- Герр Шумахер благодарит хозяина за гостеприимство...
Соломия сияла, у Саньки полыхали щеки...
Селивон с поклоном провожал важное начальство, Соломия пожелала счастливого пути, просила навестить еще. Гости высыпали за порог.
Шофер почтительно открыл дверцы машины, сел за руль, рядом с ним сел охранник. Пышная старостиха подала в машину букет осенних цветов. Шумахер поблагодарил кивком головы, цветы передал хрупкой переводчице, сидевшей рядом. Селивон так и не разогнул спины, пока не проводил машину со двора.
Спускались сумерки, по проселочной дороге беспрестанно сновали военные машины. Шумахер искоса поглядывал на невымолоченные скирды. Копны уже начали чернеть, проросли, не убраны плантации кукурузы, подсолнечника. Работы - непочатый край. А генерал-комиссар требует - великая Германия ждет хлеба! Что еще весна скажет, - вон сколько невспаханной, незасеянной земли, - на коровах да на лошадях много не вспашешь. Но уж Буймир наверняка постарается закончить все полевые работы до снегопада, - после сегодняшнего Шумахер убежден в этом. Он такого мнения, что даже приватные банкеты, от которых предостерегает подчиненных генерал-комиссар, можно использовать как политическое мероприятие.
Как только начальство выехало со двора, Родион подался улицей к дому, и никто не побежал за ним, не хватал за полы, не пытался вернуть, как в недавнем прошлом. Он, кажется, начал отбиваться от компании, будто и не были они старыми приятелями, будто не кружили ему голову, не завлекали пылкие молодицы... Что он теперь? Все вокруг Селивона теперь вьются, ему почет и уважение, за его здоровье пьют, перед ним стелются. Не столько даже перед ним, как перед комиссаром Шумахером, ефрейтором Куртом. Они теперь властители дум и сердец пышнотелого женского сословия. Чужим стал Родиону дом, когда-то манивший его своими соблазнами. Соломия словечком с ним не перекинулась, - полное равнодушие, Санька и не глянула, словно бы его и на свете нет. Теперь ефрейтор днюет и ночует у старосты. Что же, прикажете Родиону сидеть и наблюдать, как Санька к ефрейтору льстится? Мало того, что льнет, еще и насмехается над Родионом! Не раз прямо на глазах, бесстыжая девка, осаждала ефрейтора своими ласками - начхать-де мне на Родиона! Никакой силы теперь он не имеет!
Из-за кого Родион собственной семьи лишился? Слыханное ли дело - жена бросила, ушла к отцу в дальнее село - только ее и видели! Запустение в доме! Позор на всю округу!

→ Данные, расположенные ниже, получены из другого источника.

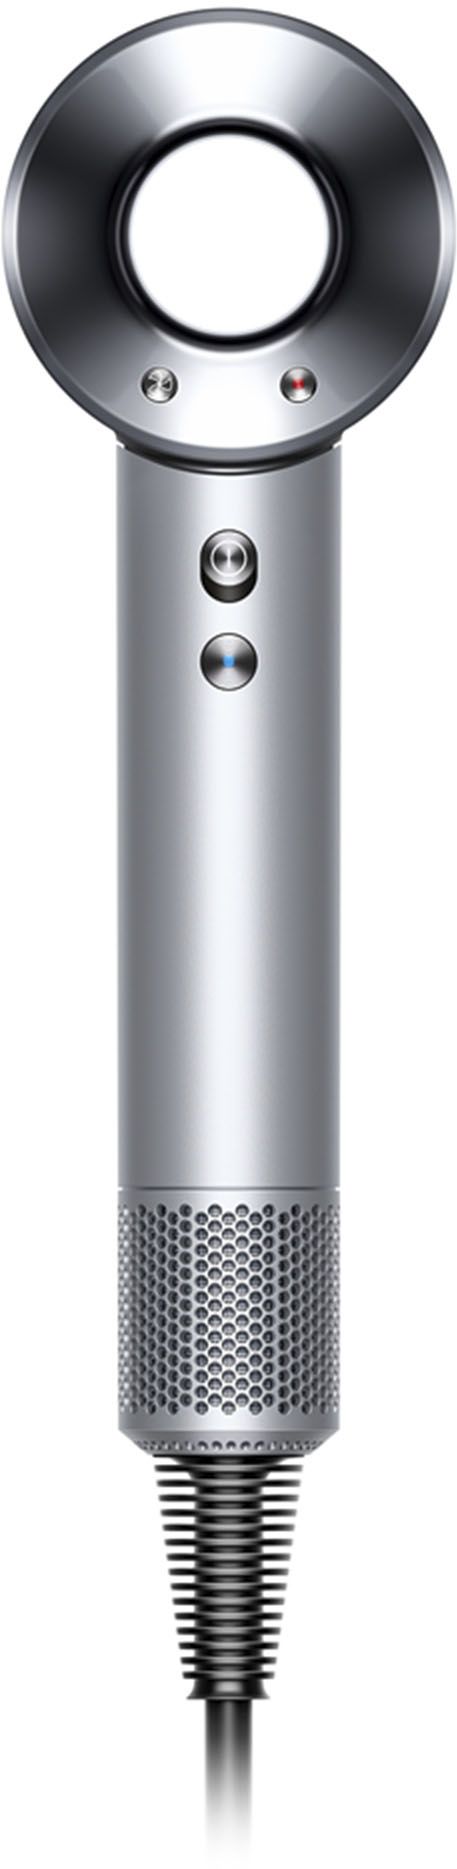 Dyson Supersonic Hair Dryer White/Silver 386840-01 - Best Buy | Best Buy U.S.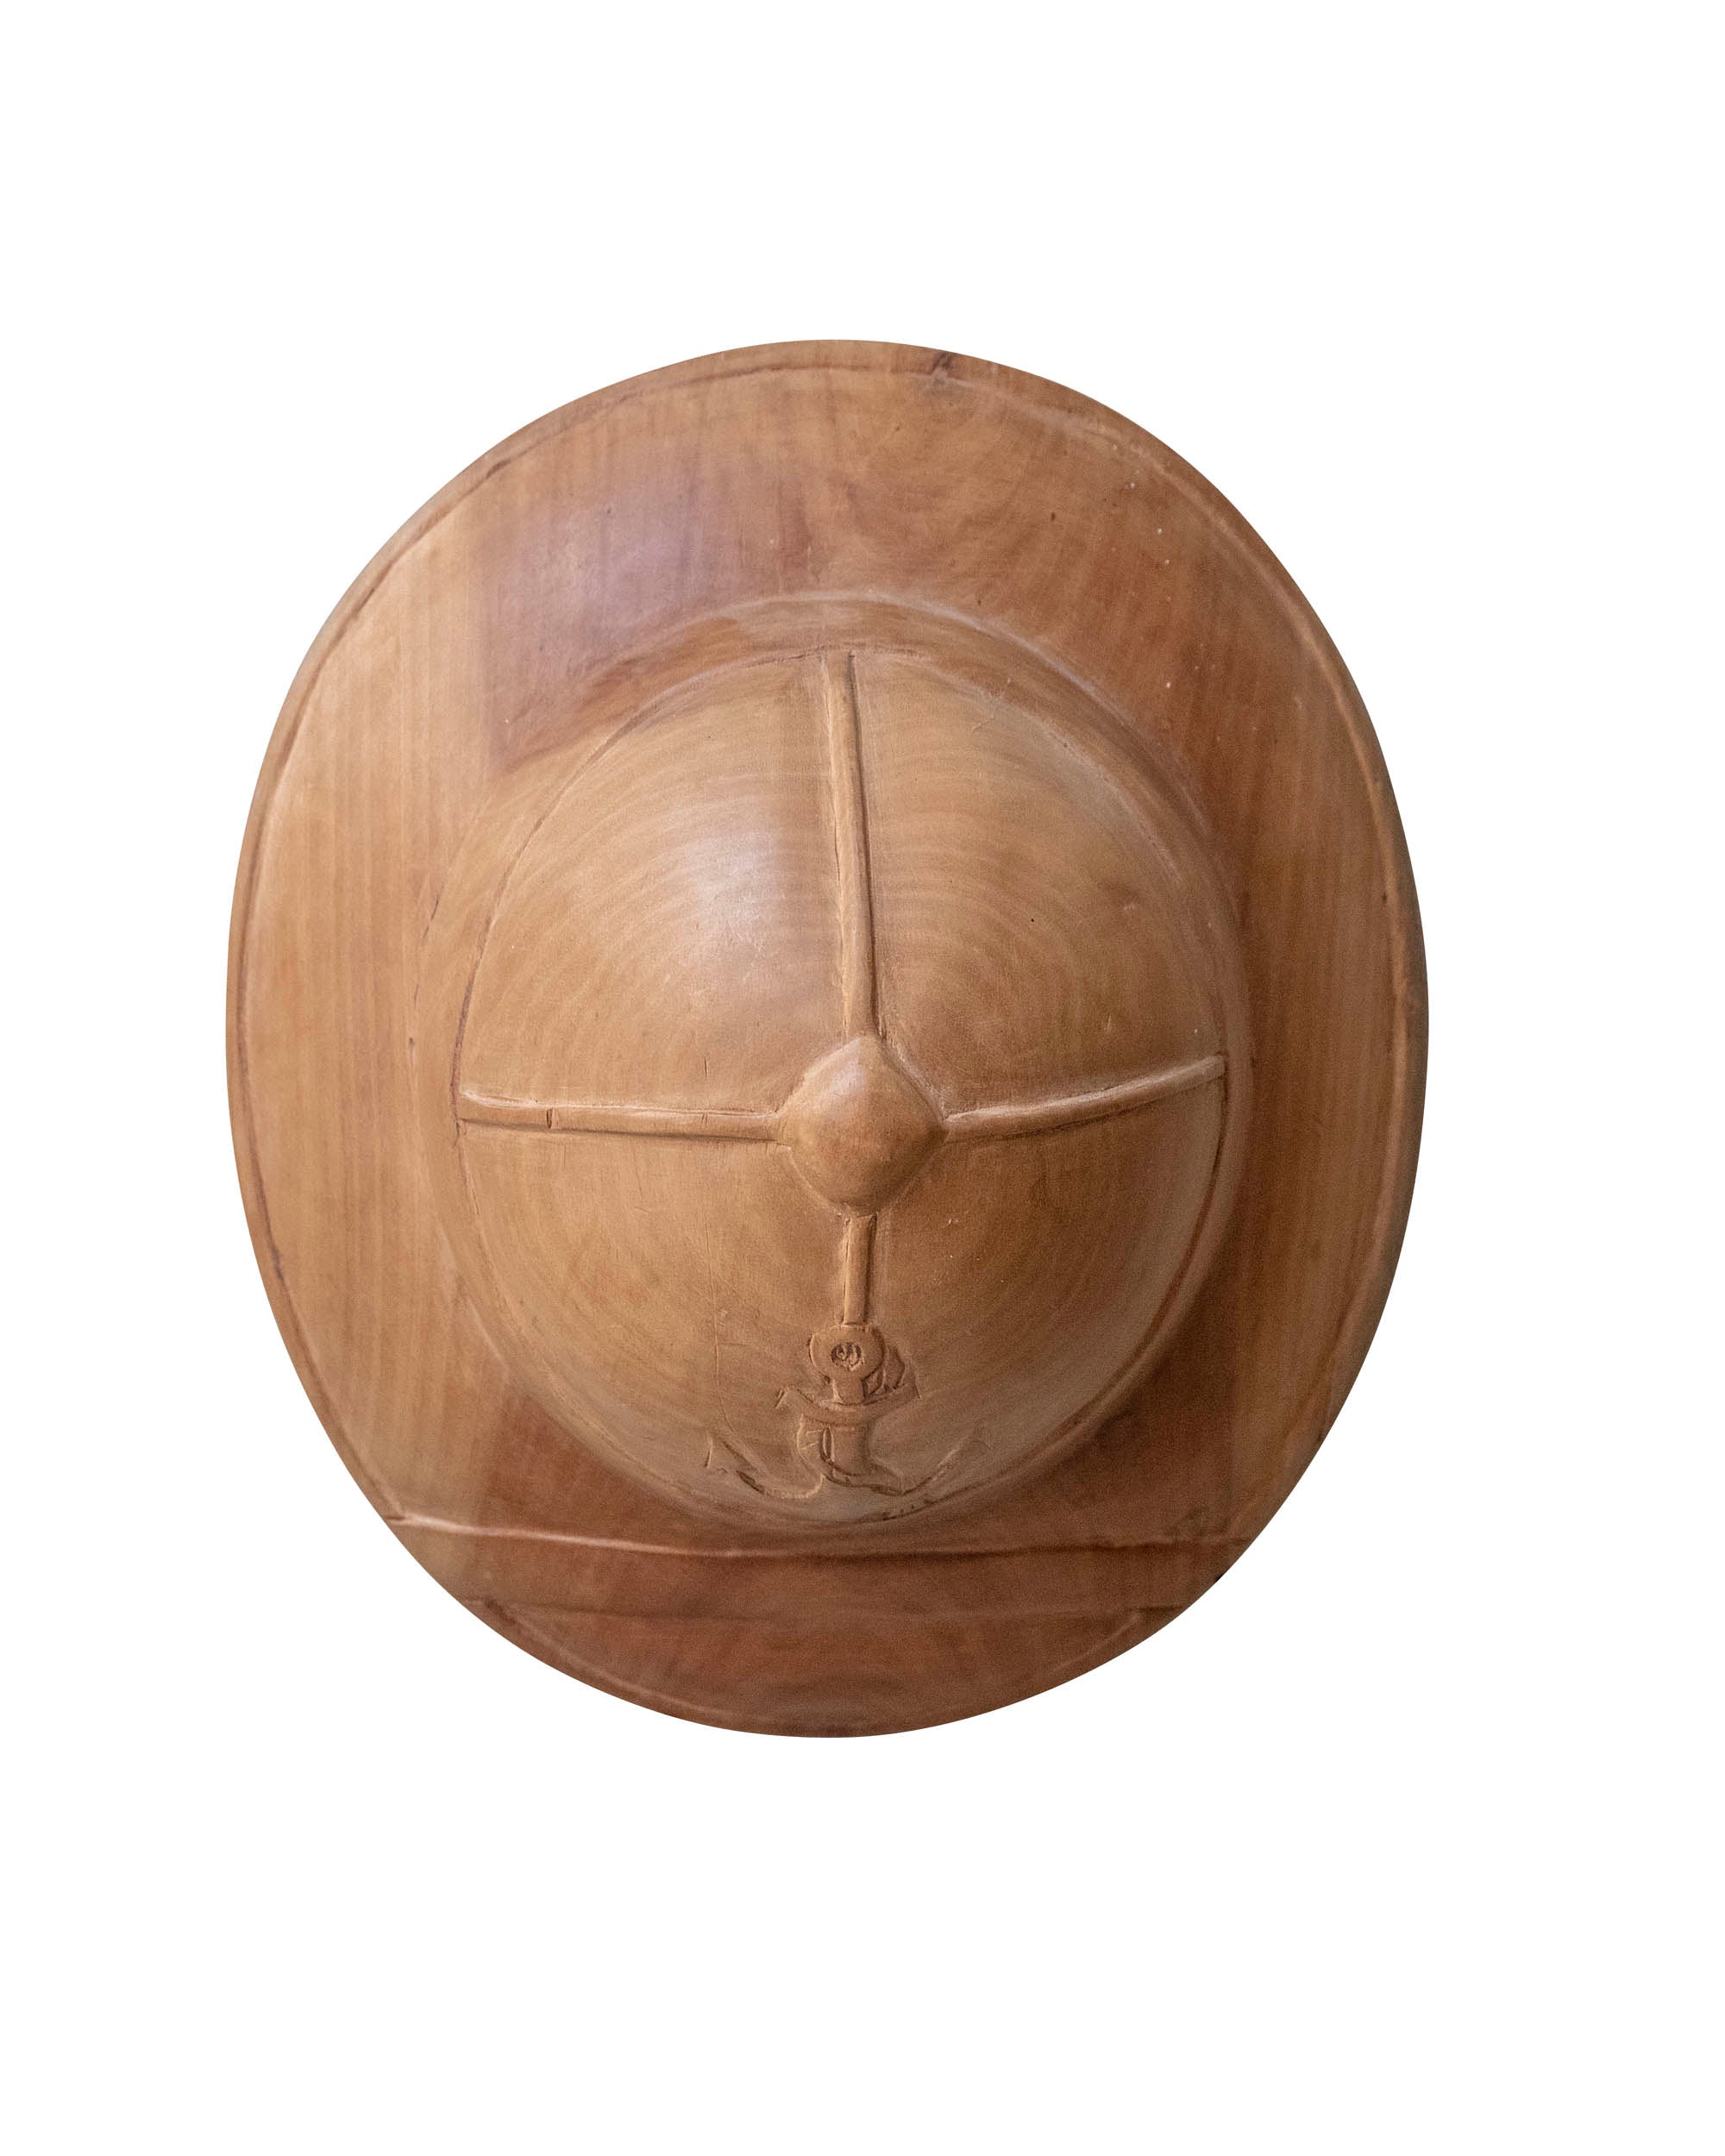 Wooden helmet with hand-carved marine emblem

В то время как Родион брел улицей, подавленный тяжестью воспоминаний, шумная ватага полицаев, с Куртом во главе, ввалилась в хату старосты. Сели за стол - и опять пошла гульба. Хотя Курта и посадили на почетное место, да к нему тут все привыкли, он тут как родной, льстивым голосом напевала ефрейтору Соломия - и потому все чувствовали себя свободно. Полицаи были под хмельком, не то чтобы пьяны в стельку, а так, малость навеселе, и потому дружно накинулись на ужин. Распоряжалась за столом Санька, угощала ефрейтора, поглядывавшего на дивчину осоловелыми глазами. Тихон наливал чарки, по-свойски держался с полицаями, даром что кустовой. Расшитая рубаха горит на нем, от новых сапог "благоухание" на всю хату, от синего сукна в глазах пестрит - не скажешь, что простой гость, заурядный... Перемалывает белыми зубами куски мяса. Полицаи народ балованный, скучать не любят. Любые развлечения у них в руках. Пышная дочка старосты баламутит кровь. Эх, унять бы чем сердечный голод! Дружно рванули голоса... "Ех, котилася ясна зоря, та за лiсом впала... Ой, зажурилась дивчина красна, де козацькая слава..." Санька выводит-заливается, покачивается, льнет полным плечом к ефрейтору. Диковинный чужеземец чарует всех вокруг, сеет томление, волнует кровь.